Certainly it is. Fortunately it’s not my job to do so; it’s generally accepted that the usage and meaning of words is established first by common usage and codified by the publishers of dictionaries (I think it’s the Oxford English Dictionary that is generally considered the ‘official’ English language dictionary?)

Now I don’t have access to the OED here at my computer, but according to Dictionary.com (which is presumably a somewhat reliable source), there are three meanings for Cyclopean:

adjective
1. of or characteristic of the Cyclops.
2. (sometimes lowercase ) gigantic; vast.
3. (usually lowercase ) Architecture, Building Trades. formed with or containing large, undressed stones fitted closely together without the use of mortar: a cyclopean wall.

So it would appear that, in modern usage, both GeraintElberion and Umbral Reaver (not to mention HPL) are correct enough on the meaning.

I really can’t recall all the particular uses of the word by Paizo (or HPL), but it’s quite possible that they do refer to structures of large, undressed stones closely fitted together without the use of mortar (that’s certainly the image I get when I read the word ... that and big).


Chthonic.

It looks like it comes from Lovecraft!


Mothman wrote:
Also: the meaning of words can and does change with time and usage.

Like decimate.

Paizo Employee Creative Director

Mothman wrote:
I really can’t recall all the particular uses of the word by Paizo (or HPL), but it’s quite possible that they do refer to structures of large, undressed stones closely fitted together without the use of mortar (that’s certainly the image I get when I read the word ... that and big).

Being a big fan of Lovecraft and a big fan of the English language, I can assure you that the use of the word in our products has been used correctly.
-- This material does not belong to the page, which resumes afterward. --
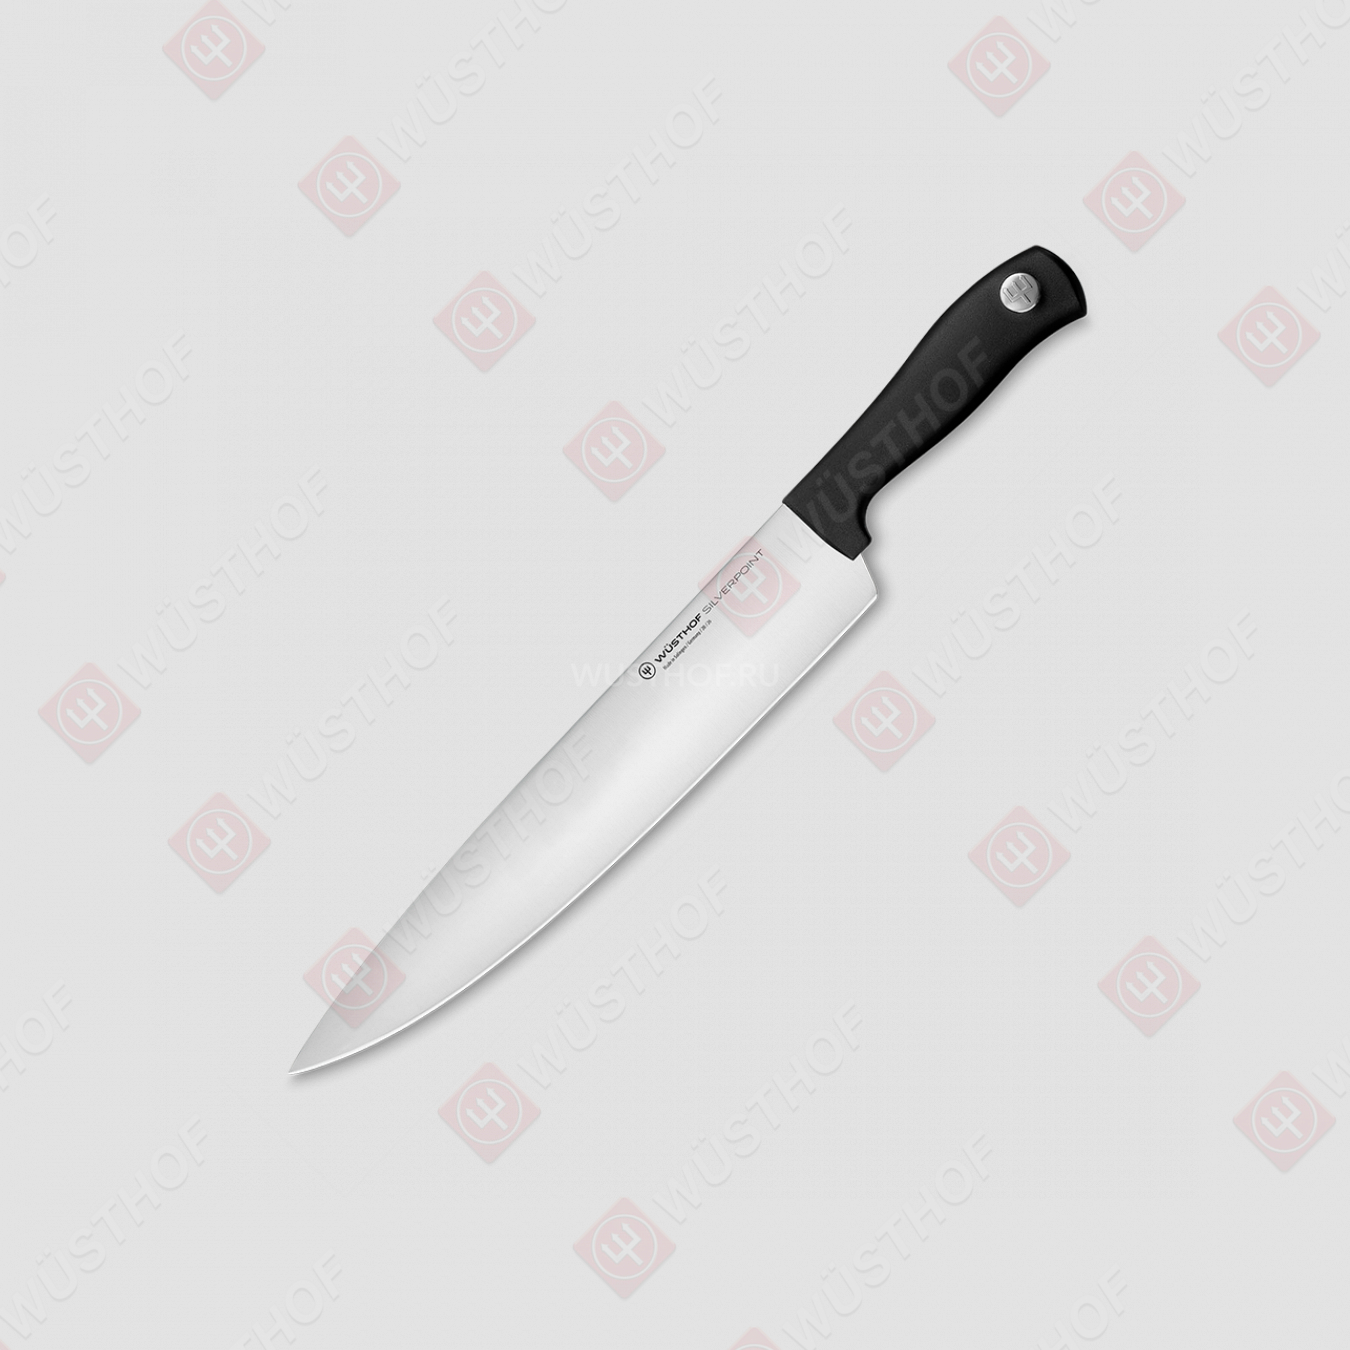 Профессиональный поварской кухонный нож 26 см, серия Silverpoint, WUESTHOF, Золинген, Германия

Often SUPER-correclty, since we sometimes use it to describe buildings in Ghol-Gan, for example... which are enormous ruins actually built by cyclopes.


In New England, and perhaps elsewhere, we use the word "wicked" to mean "very." As in, that's wicked cool, or, if you're really a Bostonian, that's wicked pissah.

I was led to believe that this was some regional slang, but I looked "wicked" up in the dictionary once and it indicated that this was a valid, albeit archaic, usage of the word.

I wish I remember where I looked it up, because wiktionary says it's New England/UK slang, but the dictionary I looked it up in dated it back to at least the 18th century.